Stochastic Networks (M24)
F.P. Kelly and P.B. Key
The problem of how to control communication networks is both
mathematically challenging and very important practically, with
network operators, software vendors, network regulators and
application developers actively seeking ways of delivering new
services reliably and effectively. For example current controls in
the Internet do not scale well, and are poorly suited to deal with
new and emergent services and traffic patterns. The interplay
between the user and the network has attracted the attention of
economists as well as mathematicians and engineers.
Topics will be selected from amongst the following:
- Models of queueing networks and of loss networks (Markov
process models of networks, equilibrium distributions, closed and
open queueing networks, reversibility, loss networks).
- One-dimensional networks (Burke's theorem, Poisson flows,
independence results for queueing networks, quasi-stationary
distributions for loss networks).
- Approximations and asymptotics for loss networks (Erlang fixed
point, uniqueness under fixed routing, possible non-uniqueness
underdynamic routing, limit results for large capacities and for star
networks).
- Capacity allocation and routing strategies in queueing and
loss networks (Kleinrock's result, Gallager's algorithm, shadow prices,
decentralization, convergence considerations, analogies with
deterministic network flow).
Dynamic routing in queueing and loss networks (sticky random
routing in loss networks, Hajek's result for random graphs, state
space collapse in queueing networks).
- Random access schemes (Aloha, Ethernet, critical rates for
collision detect schemes, Aldous' result for binary exponential
back-off).
- Models of broadband networks (statistical sharing, queueing
and multiplexing models, effective bandwidths, connection acceptance,
pricing).
- Stochastic network controls for loss and queueing networks.
Loss networks: dynamic programming, reversible controls, trunk
reservation. Queueing networks: control of a single queue;
individual and social optimisation.
- Broadband controls: rate-based controls (leaky buckets)

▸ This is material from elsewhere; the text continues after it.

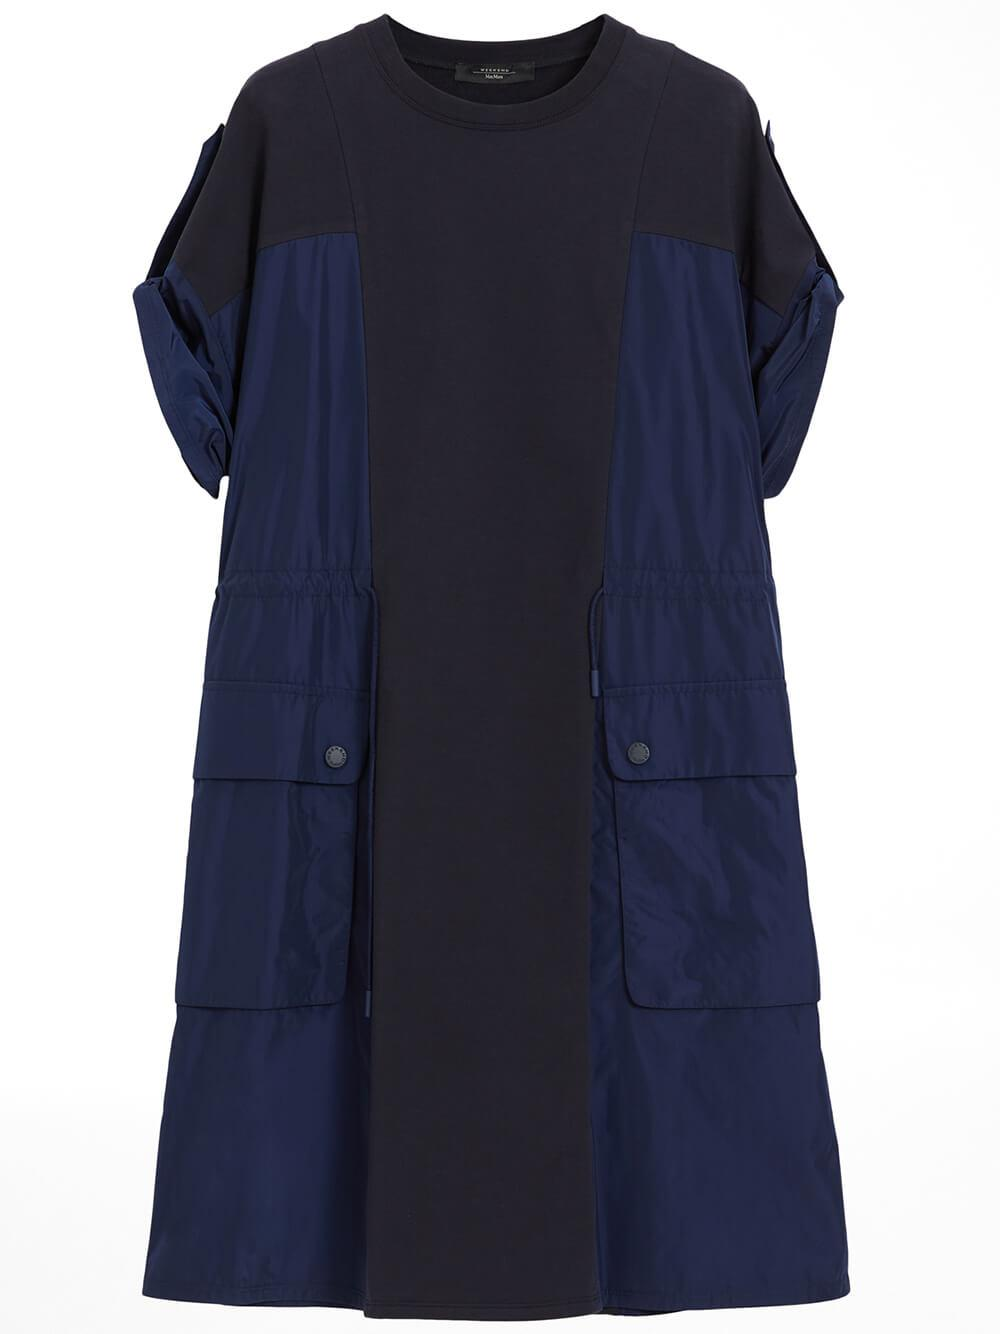 Colorblock Dress Item # 56260119600

analysis and problems; Cruz's network calculus; heavy traffic
analysis of queues in series. Multiple timescales, critical
timescales and long-range dependence.
- `Internet Networks': control of elastic traffic: window-based
flow control, modelling TCP (simple model and Ott's stochastic model
of a single link); social, network and user optimisation; prices and
tariffs as control structures; examples of control structures for
the Internet.
References
- 1.
- F.P. Kelly, S. Zachary and I. Ziedins (eds), Stochastic Networks:
Theory and Applications, RSS Lecture Note Series 4,
Clarendon Press, Oxford (1996).
- 2.
- K.W. Ross, Multiservice Loss Models for Broadband
Telecommunication Networks, Springer-Verlag, London (1995).
- 3.
- F.P. Kelly, Reversibility and Stochastic Networks,
Wiley, Chichester (1979).
- 4.
- P. Whittle, Optimization Over Time, Wiley, Chichester
(1983).
- 5.
- J.W. Roberts, U. Mocci and J. Virtamo (eds), Broadband Network
Teletraffic, Springer, Berlin (1996).
- 6.
- S.M. Ross, Introduction to Stochastic Dynamic Programming,
Academic Press (1983).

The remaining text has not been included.